Exercise
Each line of the data is to be output verbatim, with the images removed.

Information supplied section start

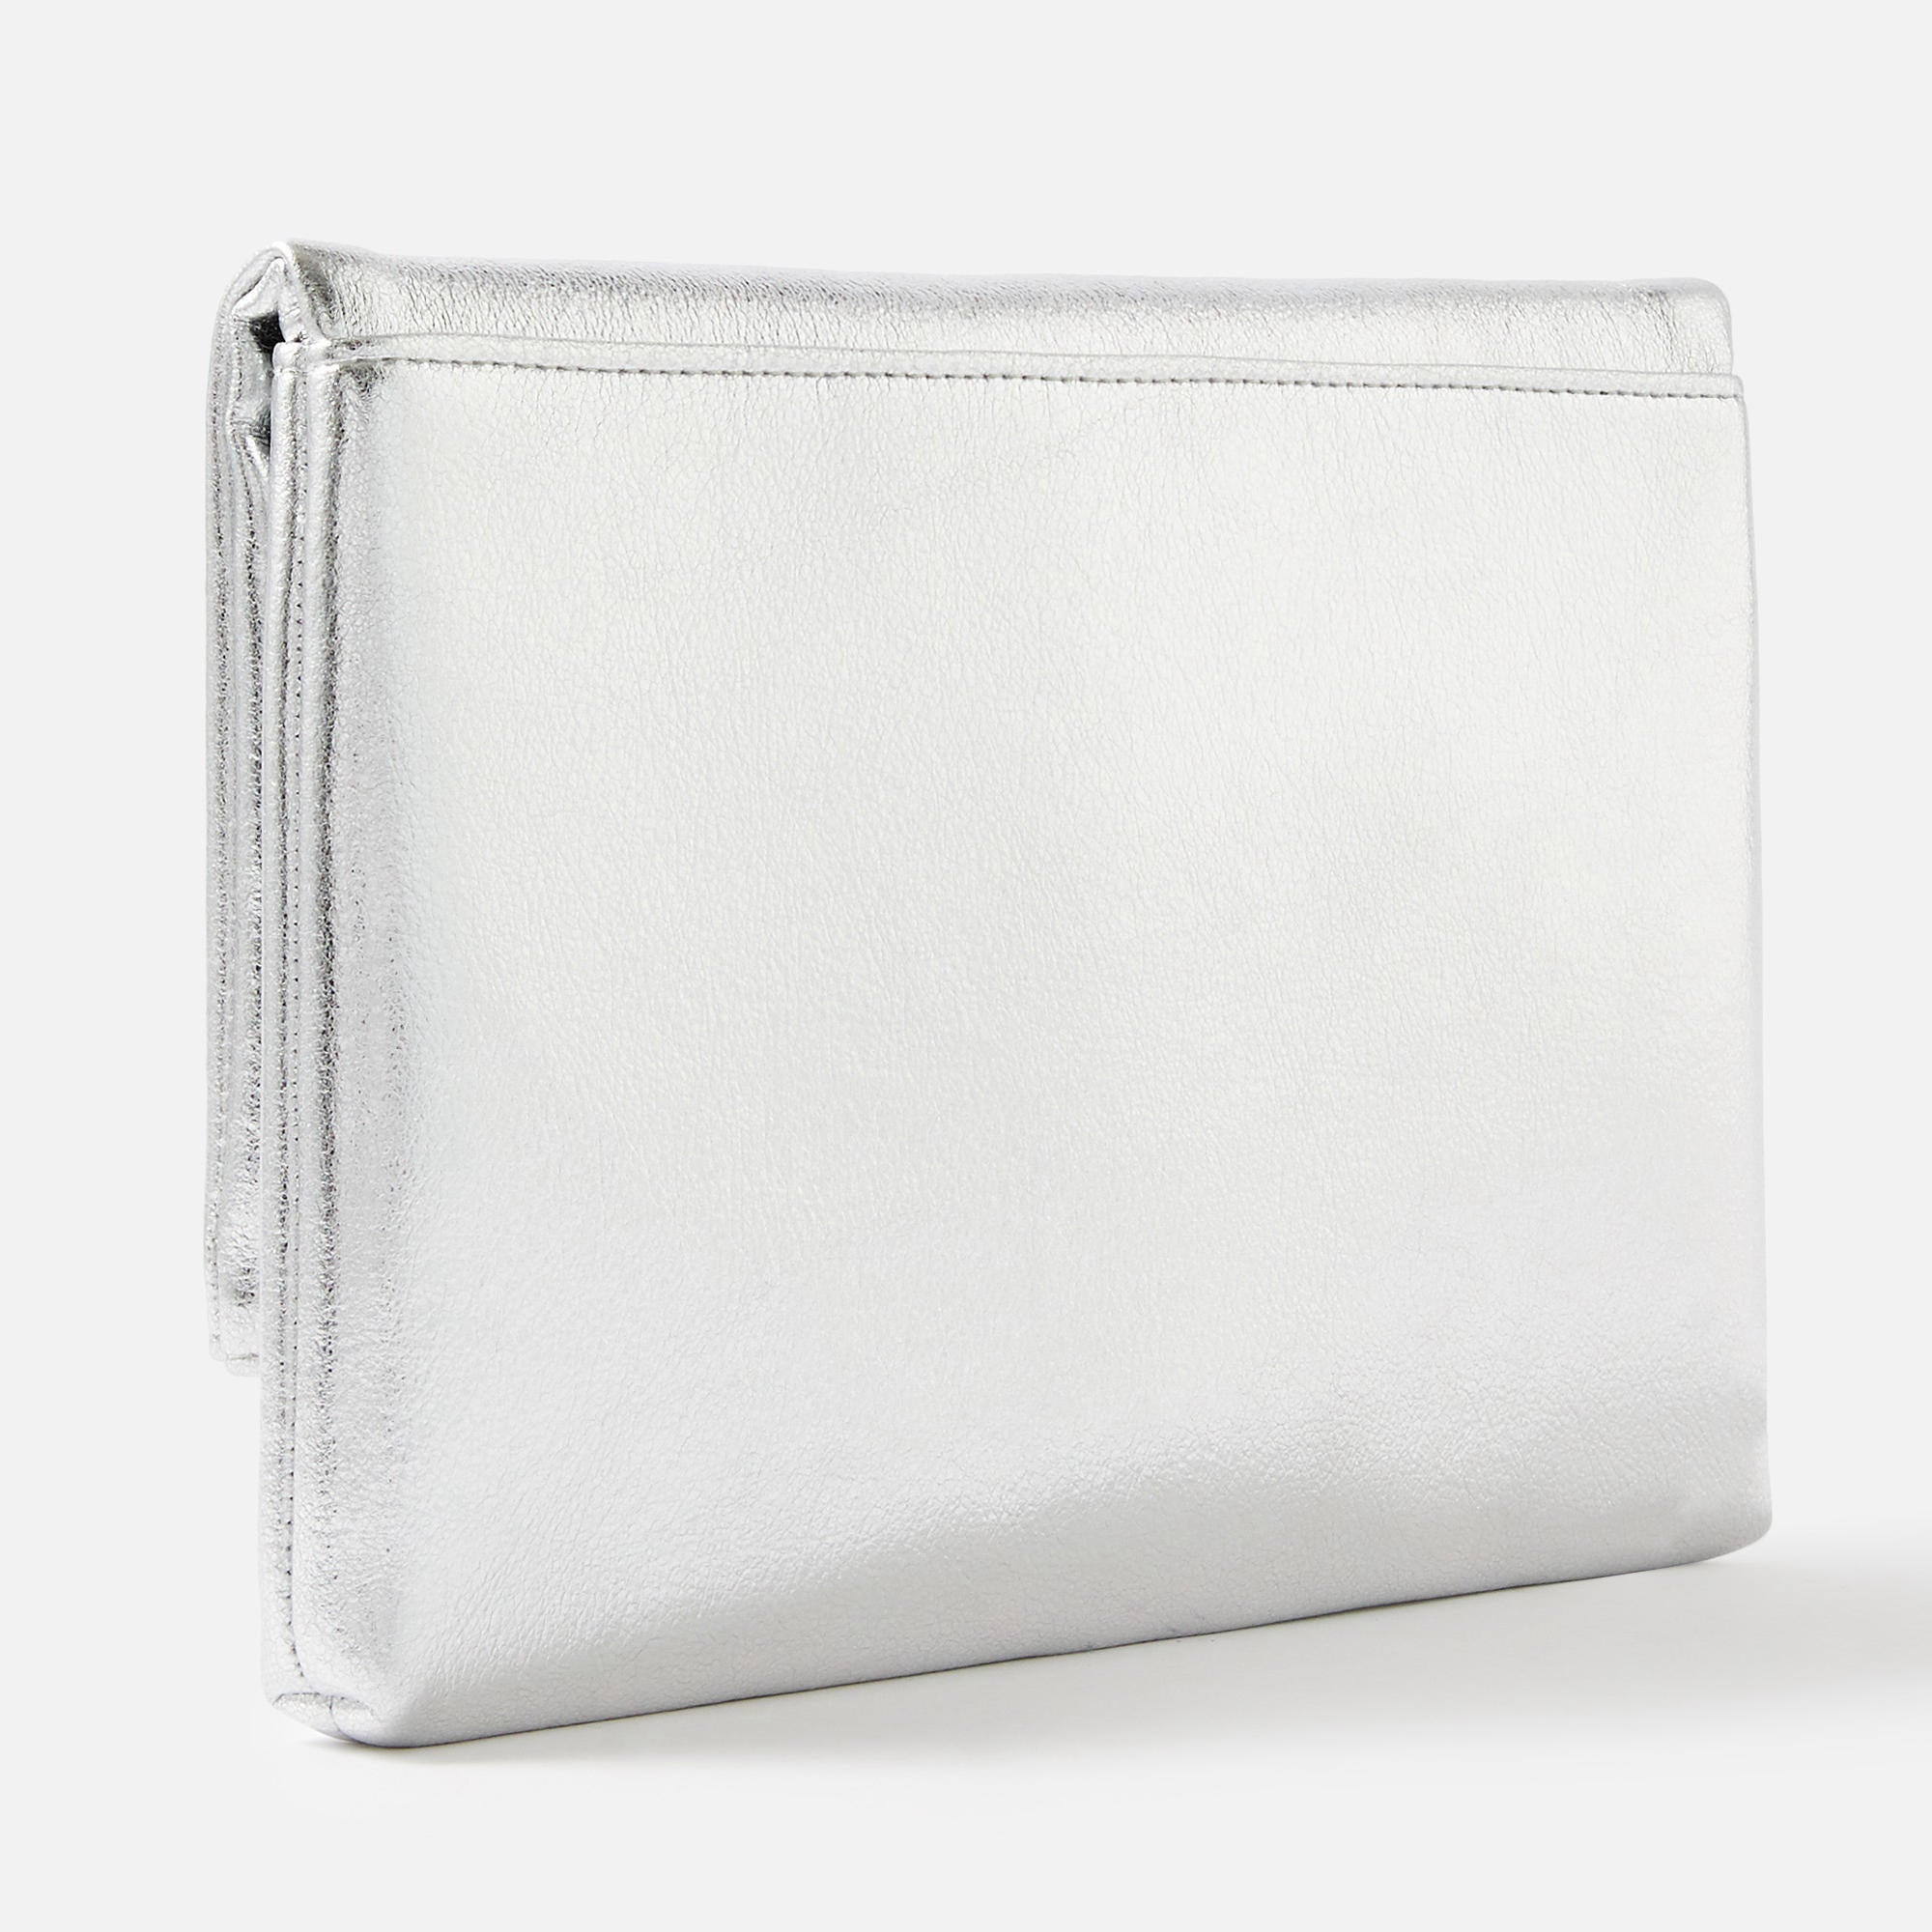 Accessorize London Women's Foldover Clutch Bag Silver
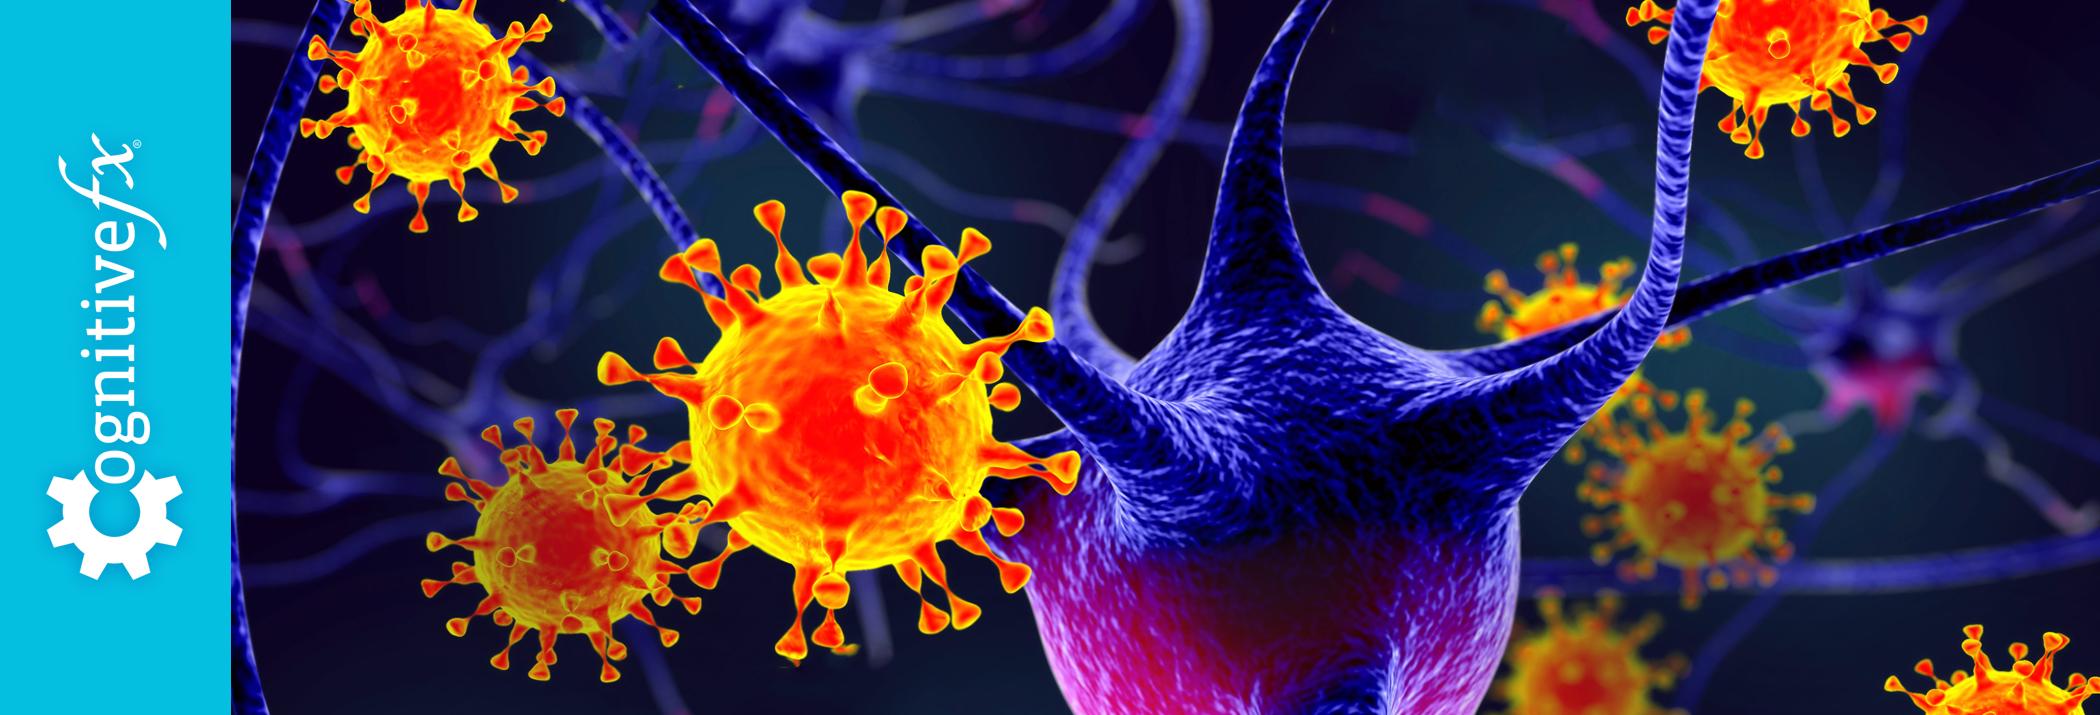 Encephalitis and Cytokines: When Viruses Like COVID-19 Have Long-Term Effects on the Brain
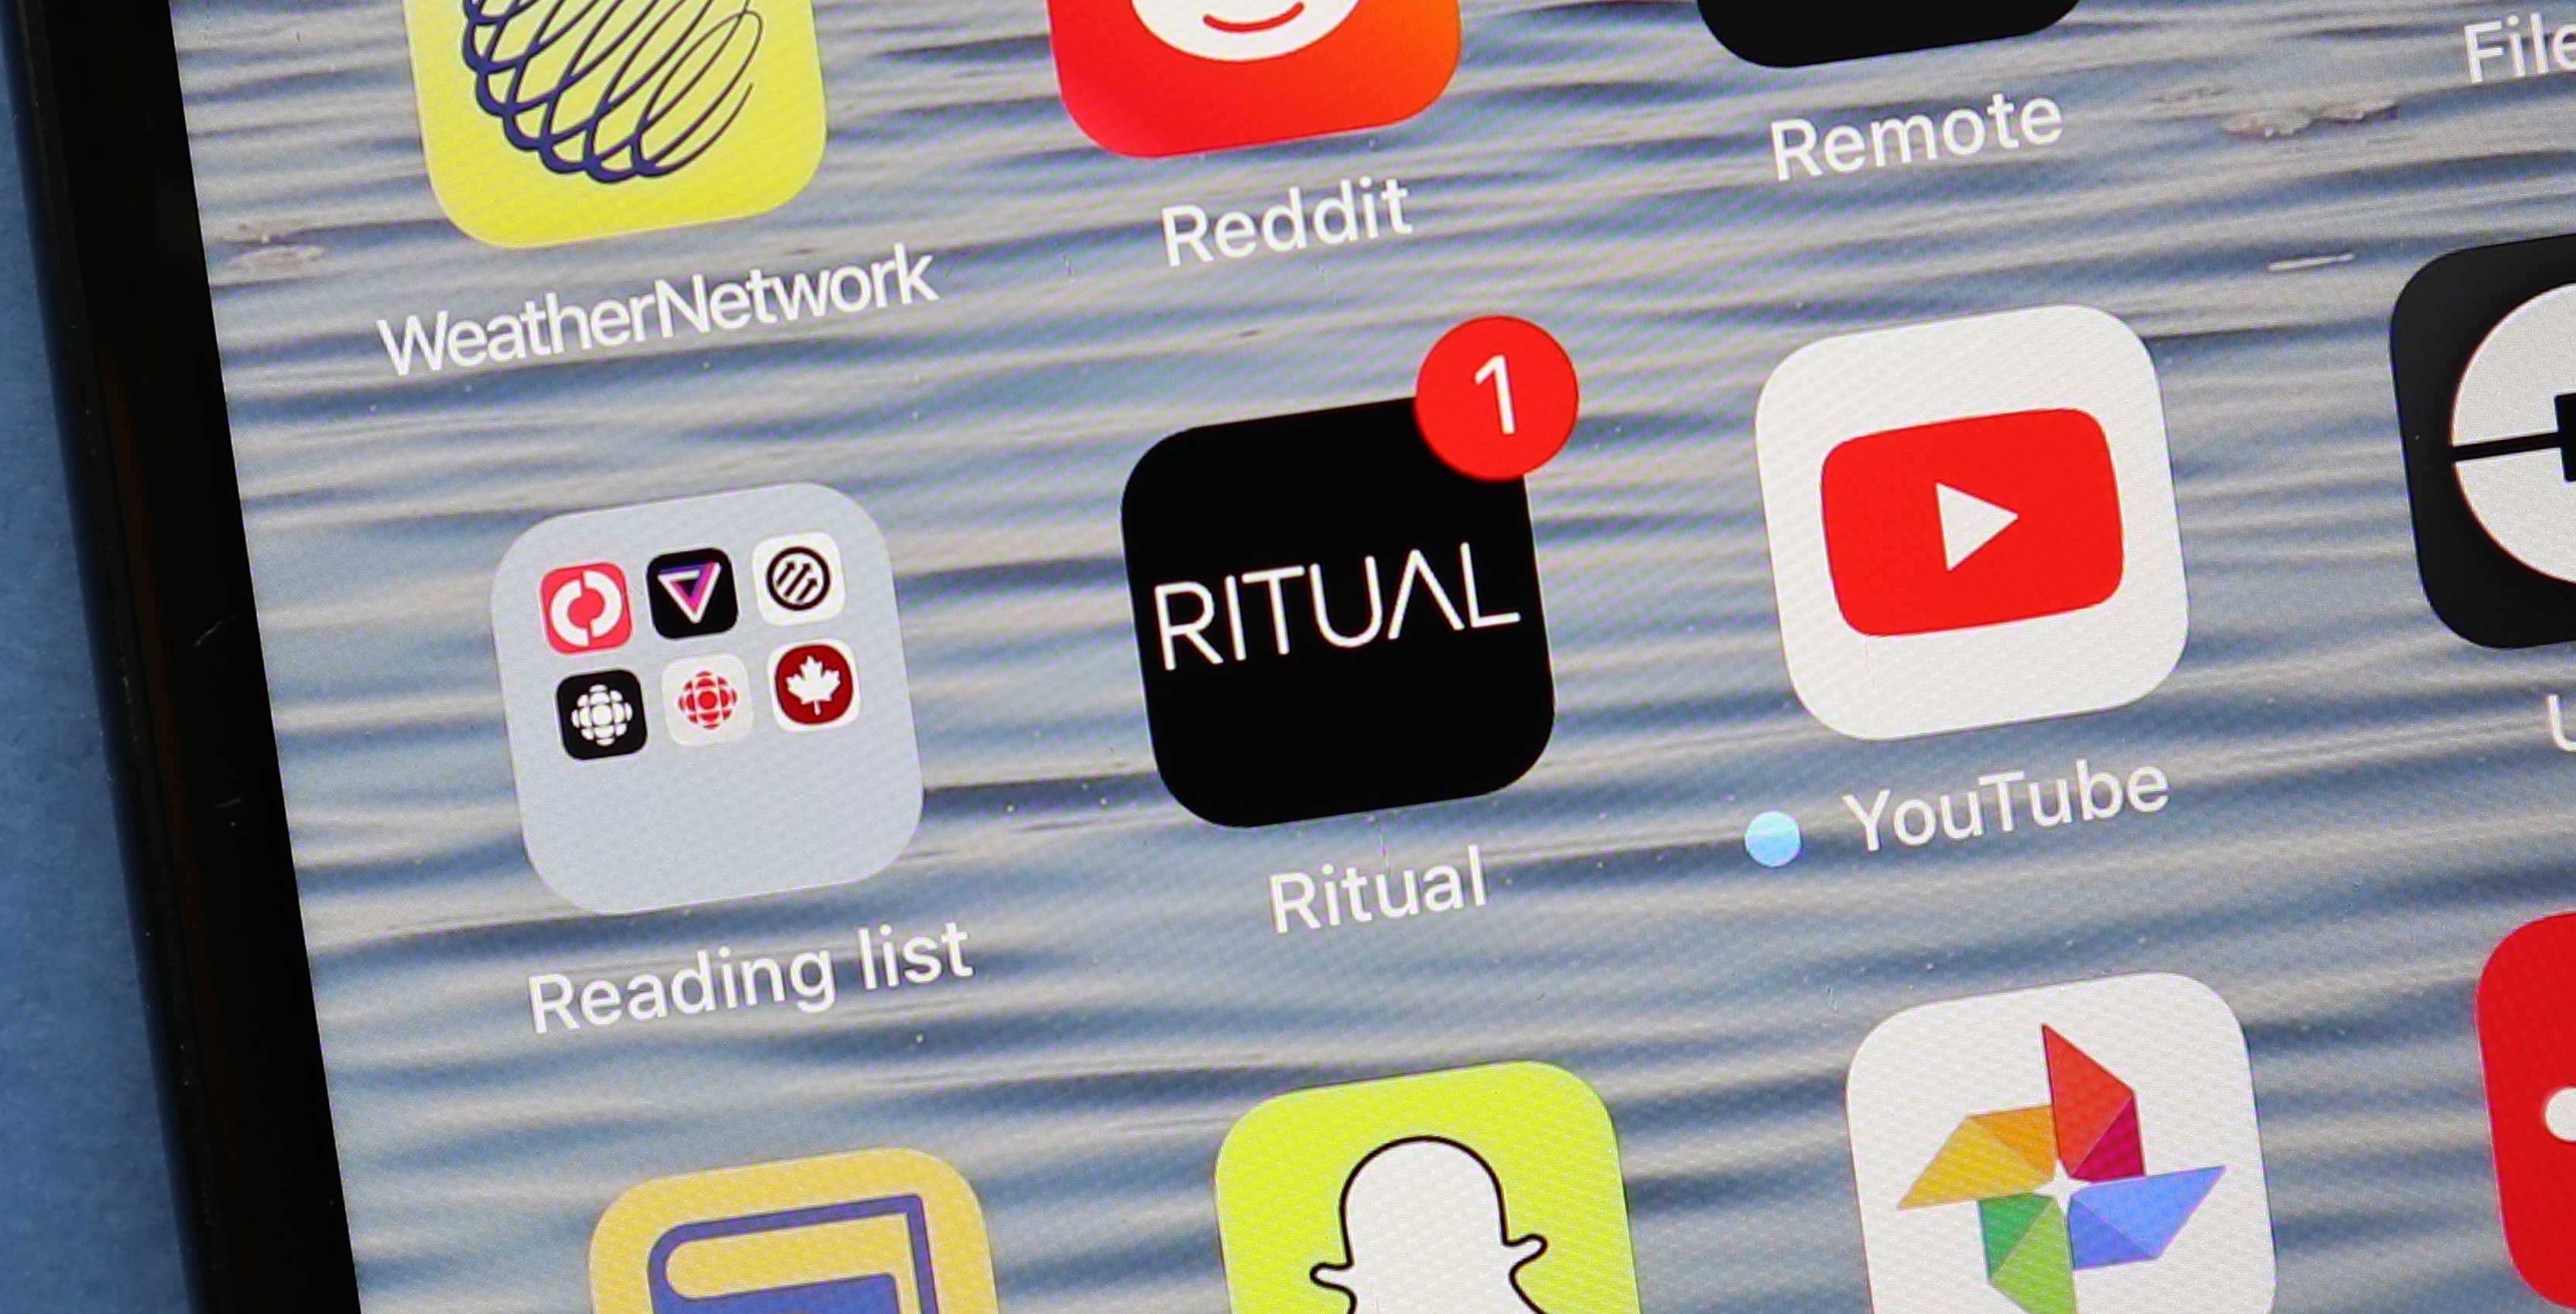 Ritual app

Information supplied section end

The completed task
 Accessorize London Women's Foldover Clutch Bag Silver
 Encephalitis and Cytokines: When Viruses Like COVID-19 Have Long-Term Effects on the Brain
 Ritual app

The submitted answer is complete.